> [Data below]:
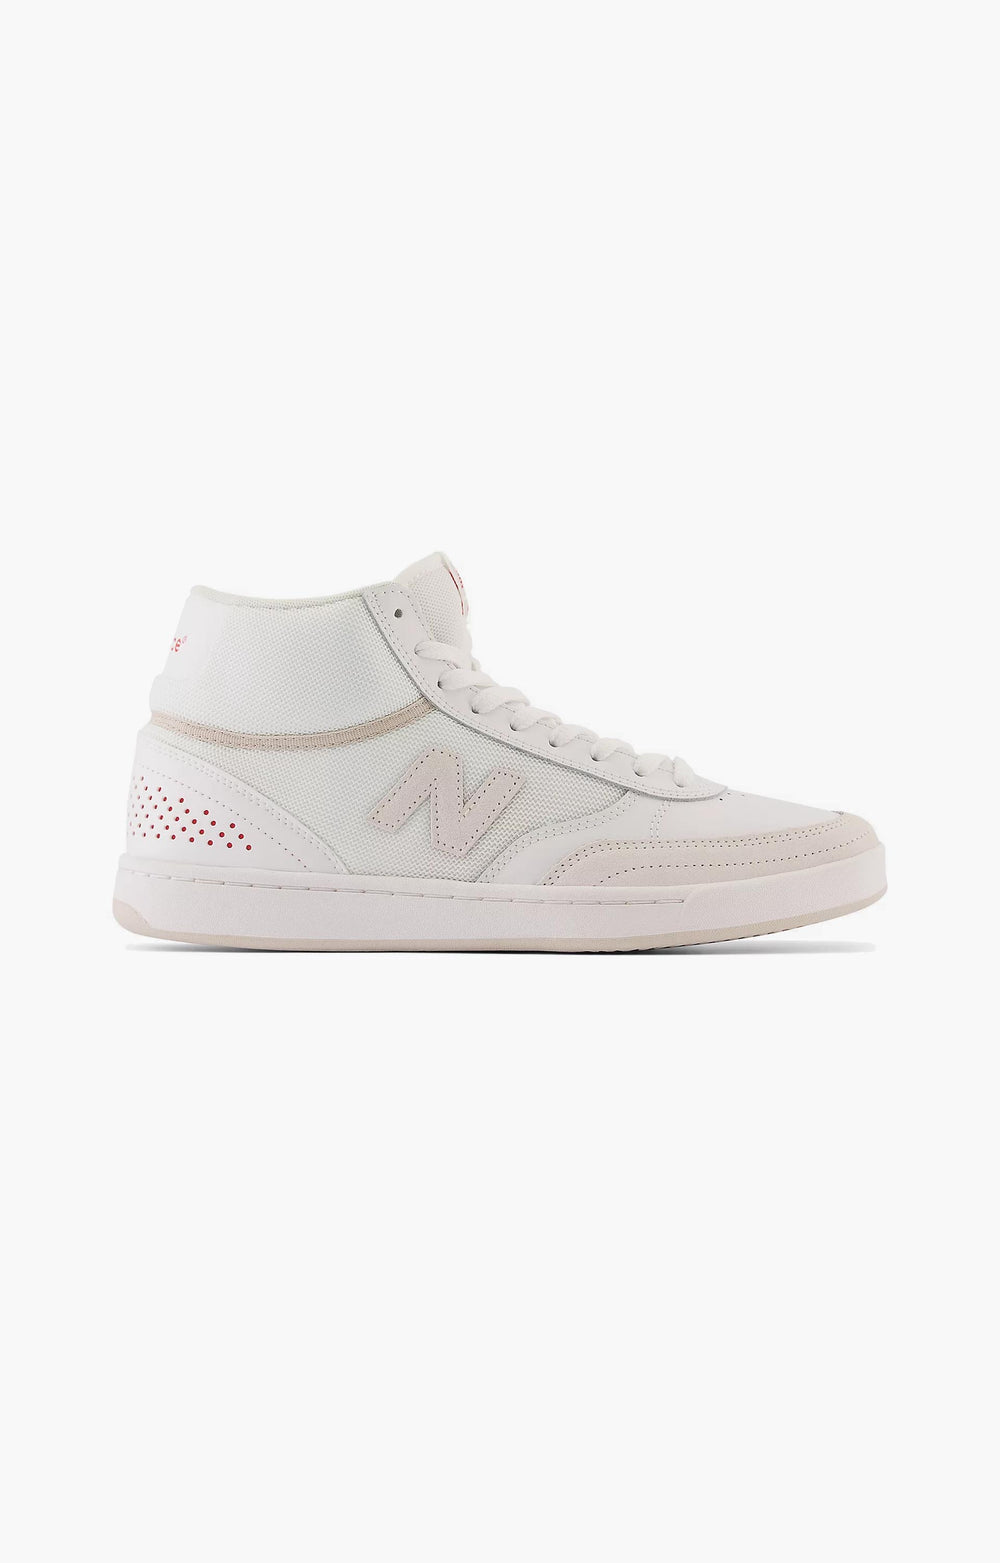 New Balance NM440HPM Shoe, White Grey
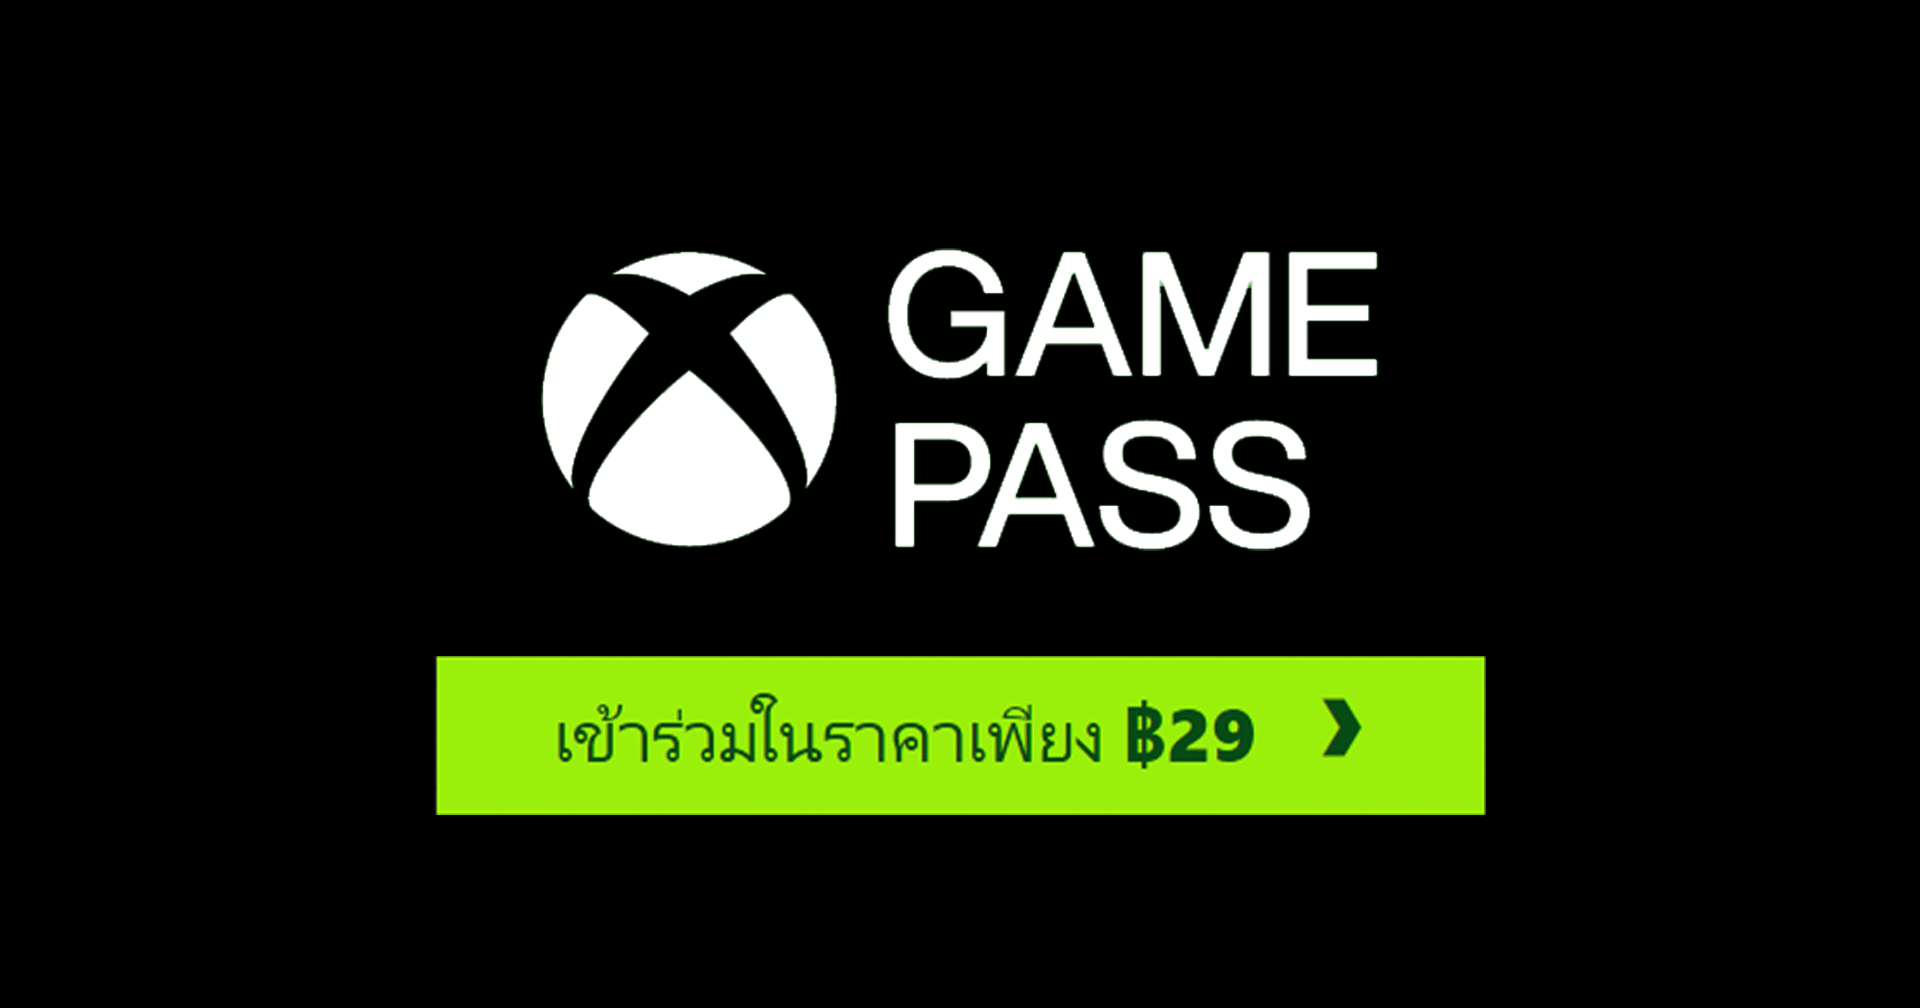 Xbox Game Pass เปิดให้บริการในไทยเต็มรูปแบบ พร้อมโปรโมชันเล่นได้ 3 เดือนในราคา 29 บาท!!
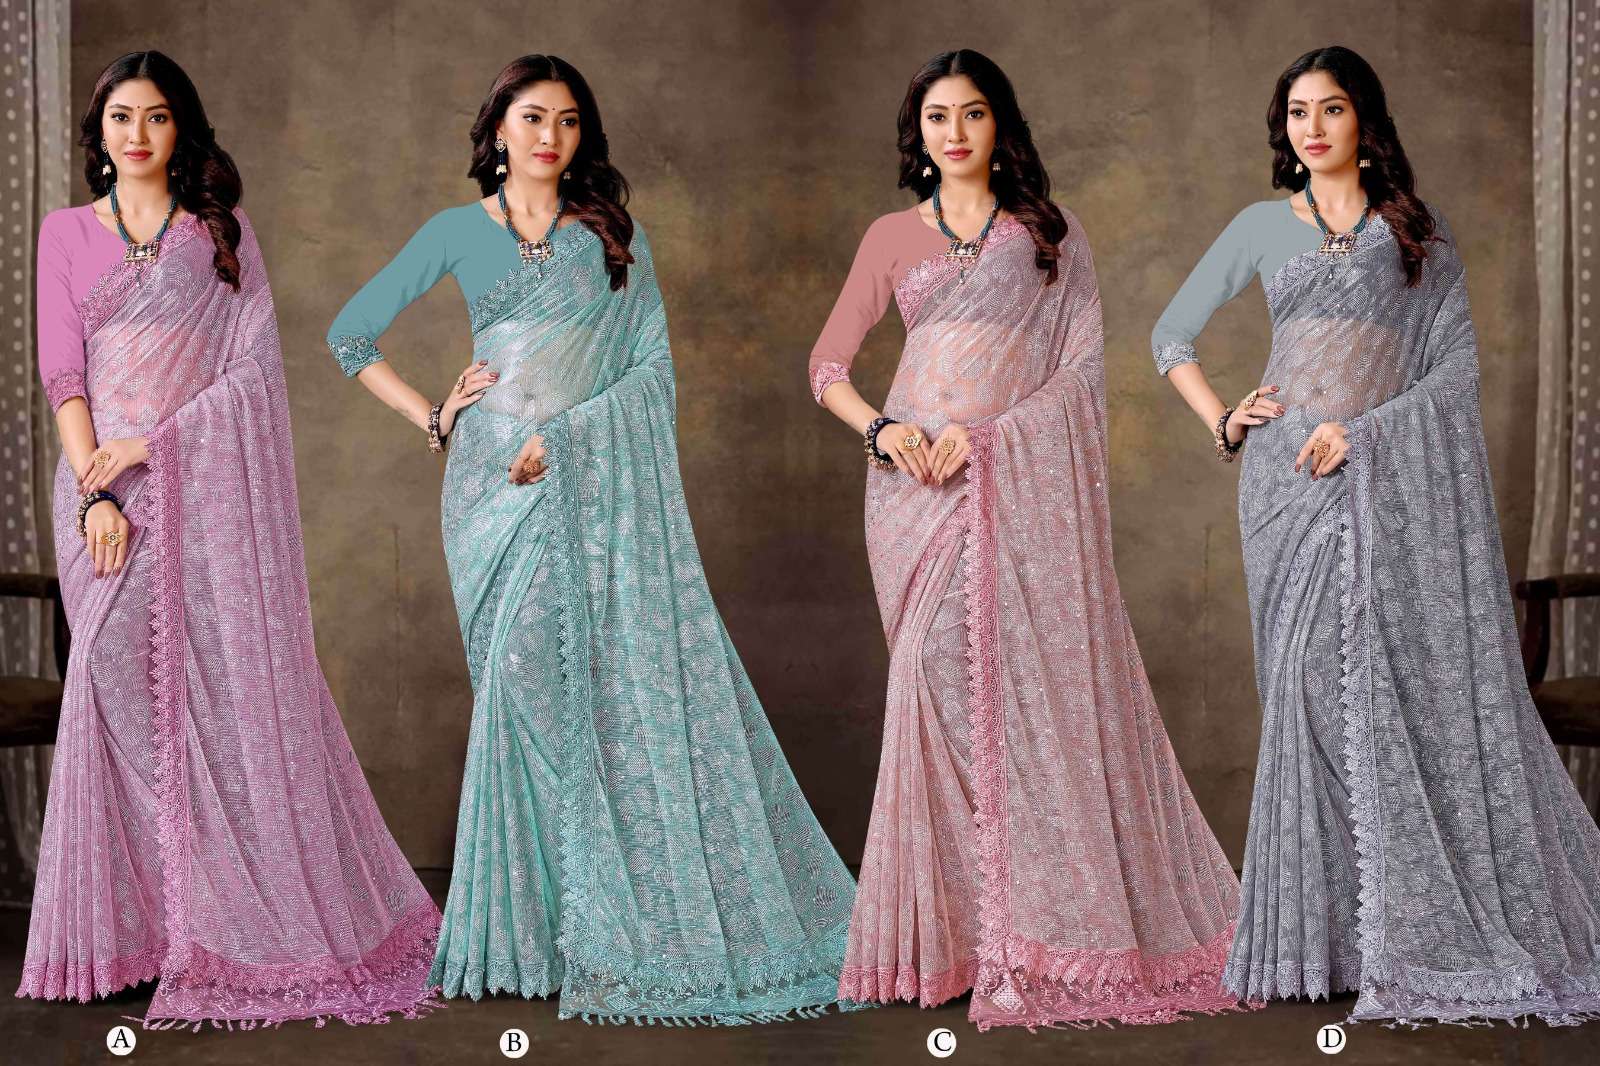 Anupa Lycra Bollywood exclusive saree collection wholesale

> [What the task asks]:
Reproduce the full listing faithfully, but do not carry over any pictures.

> [Exercise output]:
 New Balance NM440HPM Shoe, White Grey
 Xbox Game Pass เปิดให้บริการในไทยเต็มรูปแบบ พร้อมโปรโมชันเล่นได้ 3 เดือนในราคา 29 บาท!!
 Anupa Lycra Bollywood exclusive saree collection wholesale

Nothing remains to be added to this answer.